Having the same morphological characteristics as other orthopoxviruses the morphology of MPXV reveals that virions are ovoid or brick-shaped particles which are enclosed by geometrically corrugated lipoprotein outer membrane. MPXV size ranges are known to be 200 by 250 nm [14][15]. Membrane bond as well as densely packed core containing enzymes, a double-stranded DNA genome, and transcription factors are protected by the outer membrane. Due to an electron microscopy fixation artifact, the core is being described as biconcave, and it has lateral body on each side [16][17].
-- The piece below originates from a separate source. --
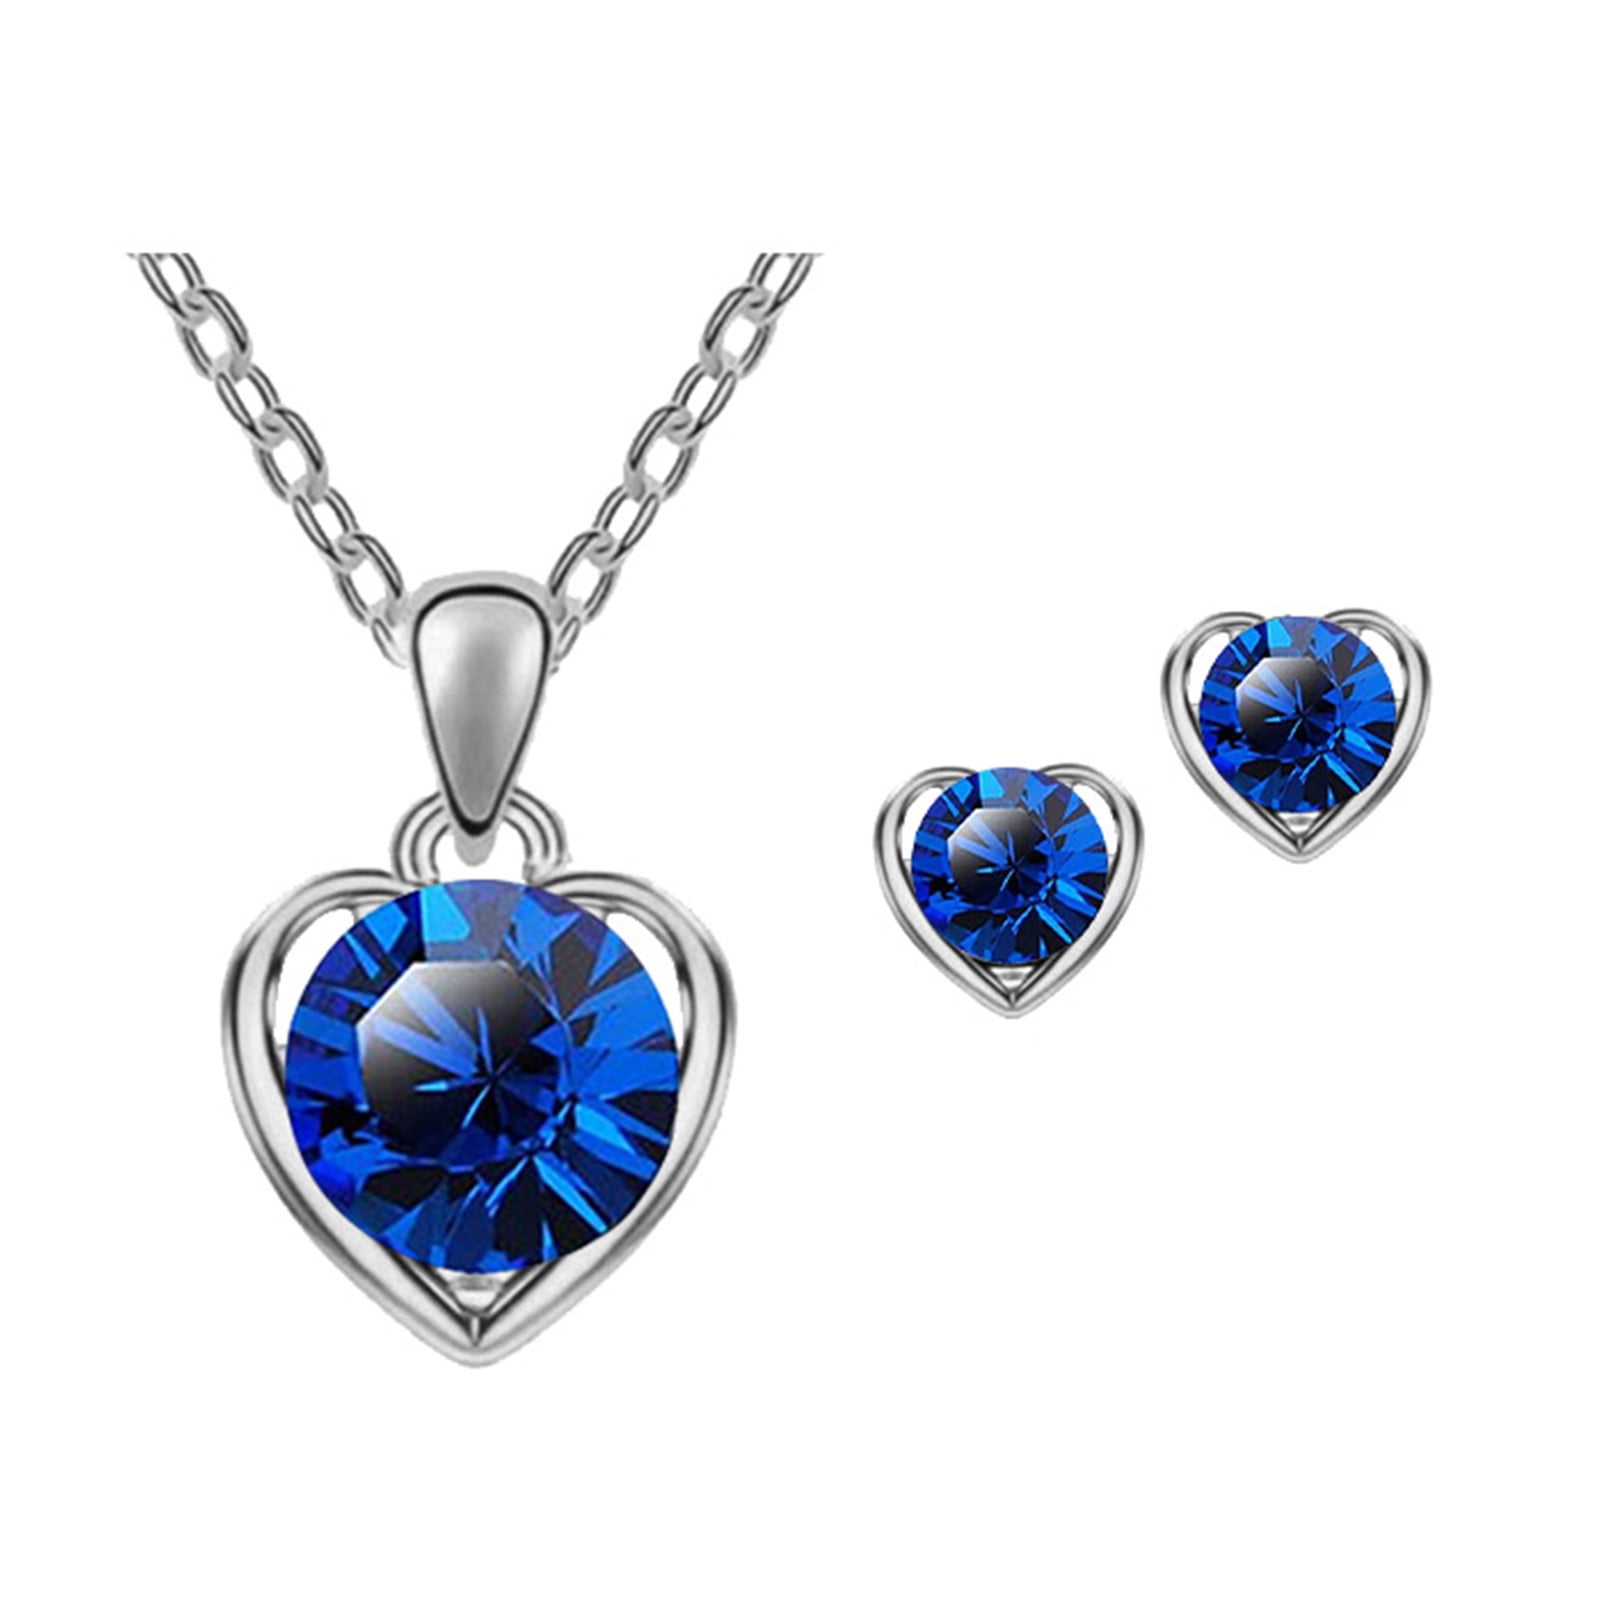 Clearance Jewelry Under $5 VerPetridure Crystal Pendant Necklace ...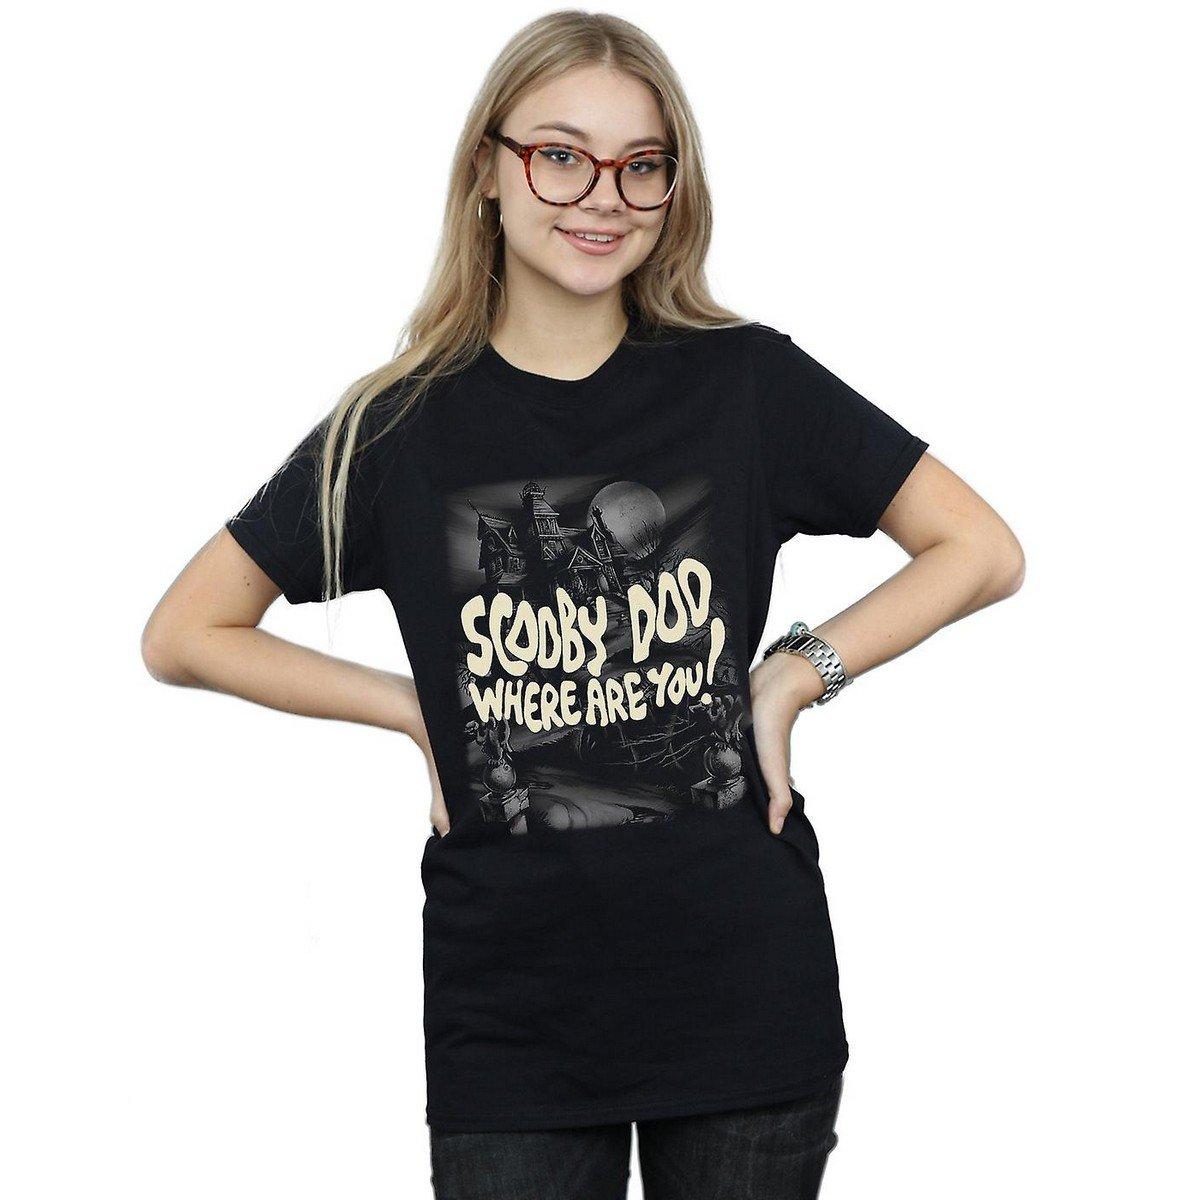 SCOOBY DOO  Where Are You? TShirt

The MPXV genome consists of a linear double-stranded DNA (≈197 kb) [18] covalently joined at its ends by palindromic hairpins, and the inverted terminal repeats (ITRs) are made up of hairpin loop, tandem repeats, and some open reading frames (ORF). Although MPXV is a DNA virus, its entire life cycle occurs in the cytoplasm of infected cells. All the proteins required for viral DNA replication, transcription, virion assembly, and egress are encoded by the MPXV genome. The genes encoding for housekeeping functions are highly conserved among OPVs and are present in the central region of the genome while those that encode for the virus–host interactions are less conserved and are located in the termini region [19][20][21][22][23]. In VACV (and most in likely MPXV) intracellular mature virus (IMV) and extracellular-enveloped virus (EEV) are two forms of infectious virions produced in poxvirus-infected cells. IMV is released on cell lysis, while EEV is released from cells via interaction with actin tails, and this is said to be the cause of rapid long distance spread of the virus within the infected host. Although the aforementioned features are for VACV, it is likely that these features are common to all OPVs [22]. However, cell-associated virions (CEVs) are formed following the microtubule-mediated transport of intracellular enveloped virus (IEV) to the cell periphery, in which the outer membrane of IEV fuses with the plasma membrane and remains attached to the cell surface. CEVs are mostly responsible for cell-to-cell spread [24]. IEV is formed when IMV is wrapped by a double membrane derived from early endosomal component [17] or the trans-Golgi network (TGN) [25]. However apart from IEV exocytosis, an alternative route for the formation of EEV is by the budding of IMV through the plasma membrane [26]. In the prototype VACV, virion morphogenesis can be defective resulting in non-infectious dense particles (DPs) [26][27], but this has not yet been reported for MPXV. In addition, unlike some strains of CPXV in which IMVs are occluded within A-type inclusions (ATI) [28][29], MPXV do not form ATIs or sequester IMVs into ATIs because of truncation in the ATIP gene [30].